As much of the Philippines belatedly comes to terms with the enormity of the COVID-19 pandemic, it is, to be fair, important that quick and strong measures be implemented to contain the disease. A Code Red Sub-Level 2 alert has been raised by the Philippine government which when implemented restricts movement out of and into Metro Manila. The GMA New Online report notes that “Duterte urged the people not to panic, follow the orders of government and practice social distancing.” Such measures are, of course, subject to periodic review as more information comes in on how the crisis is playing out. It is, to say the least, unreasonable for critics to be expecting the authorities to get it right the first time. However, it is reasonable to expect government to be better-organised to ensure the right information is sent out to the public at the right times.
There are many scenarios to consider given that data on how the virus is transmitted is coming in trickles and the approaches to dealing with the crisis are, as a result, still in flux. Given that the set of most recommended measures to be taken may change from week to week in the coming months, response time and free flow of information is of the essence. People should not be too precious about their chosen “solution” and minds should be kept open (and partisan lines discarded) to ensure the best interests of all are top of mind.

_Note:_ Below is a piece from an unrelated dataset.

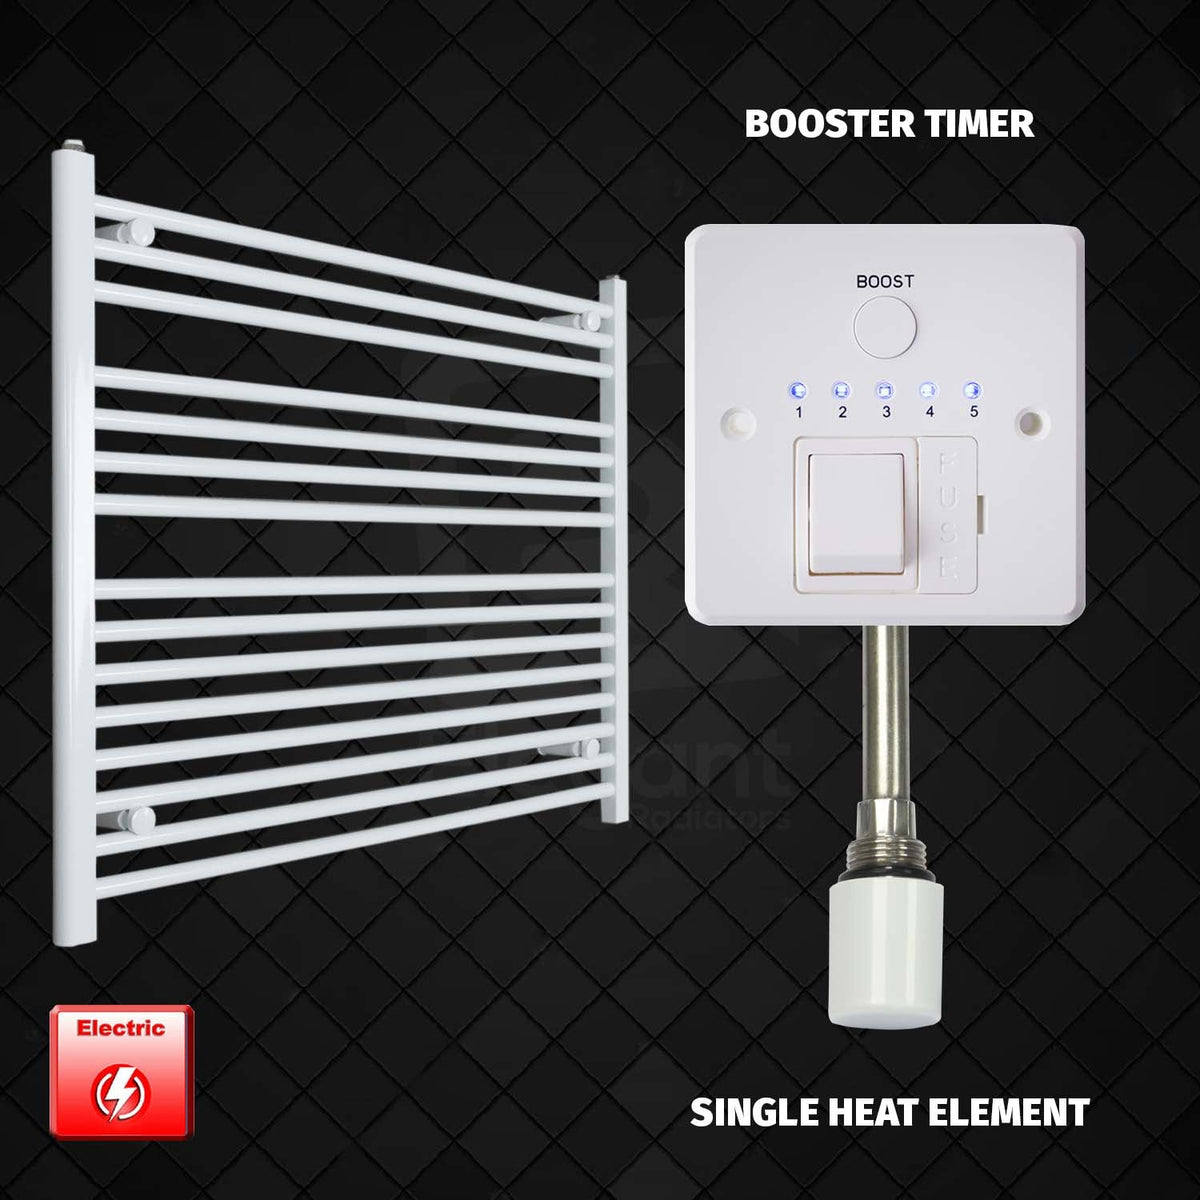 800 mm High 1100 mm Wide Pre-Filled Electric Heated Towel Rail Radiator White HTR Single heat element Booster timer

Thus, that the measures currently being taken in Metro Manila are still the subject of debate should not be cause for undue worry.
Manila Times columnist Ben Kritz, for one, points out in his article “Kill the patient to cure the disease” that the manner with which Metro Manila, the Philippines biggest and most economically-significant metropolis, could exacerbate the spread of the disease there which is also now raging across much of the world. Kritz, instead, proposes that people be encouraged to disperse instead to reduce clustering behaviours that are conducive to the spread of disease…
What the government should have considered instead, and it still could be done, is to not “lock down” the metropolis, which tends to concentrate people, but to do what some institutions like the Asian Development Bank have done, and let people disperse. Shut down nonessential government offices, nonessential gatherings, museums and other tourist attractions, perhaps even impose shorter hours on malls and stores, and encourage those that are not necessary to close temporarily. Encourage businesses to organize work-from-home arrangements to whatever extent possible. Limit the number of people coming into the country from overseas, but otherwise let people move around.
The aim, according to Kritz, is to “reduce the concentration of the population in Metro Manila”. This is a particularly important thing to note considering that Metro Manila is, according to a Business Insider report, the most crowded city in the world where, in its poorest areas, “multiple families live in close quarters in makeshift communities”. The report, which was published in 2016, points to the chilling reality that there are really very few options available when disaster strikes an ill-prepared densely-packed megalopolis like Manila. It cites how, “In times of crisis, such as the series of flash floods that struck in 2009, gyms have been repurposed as shelters. But the density doesn’t get relieved, just relocated.”
Indeed, statistics in these times of pandemic mean very little in the Philippines. The enormous number of people residing “informally” (the euphemism for squatting preferred by politicians and “activists”) in Metro Manila’s slums and in the dark nooks and crannies of even its most affluent districts represents an immense statistical blackhole into which data is sucked in but out of which no information of statistical significance comes out. COVID-19 is likely to be but a drop in the cesspool of the Philippines’ vast squatter colonies where a huge variety of diseases had long been already sickening and killing people right under statistical radars.
In this regard, “social distancing” would be as oxymoronic to the average Metro Manila resident as organised public transport. This, plus the fact that even just a two to three percentage point increase in infection rates would likely swamp all of the Philippines’ available public health care and emergency response capabilities. Indeed, even the announcement of a citywide mall sale is enough to throw the entire metropolis into a panic followed by monstrous traffic gridlocks. The Philippines’ largest urban area is like a running engine on the brink of seizing up if not for the occasional drops of oil injected into it to just prevent that from happening. This means that careful thought should always be put in considering measures that could disrupt the flow of goods and services in and out of Metro Manila.
In short, while there is merit in looking to other countries for “best practice” in managing the COVID-19 outbreak, the worst-hit as well as the best-managed cases around the world don’t necessarily have Metro Manila’s more acute problems. It is important that Filipinos reach out to each other instead of succumb to colonial mentalities that have long been habitual comfort zones. The sooner Filipinos and their “thought leaders” realise that this is a problem that requires level heads to prevail over superstitious emotionalism and petty politics, the better the chance that they will see this crisis through.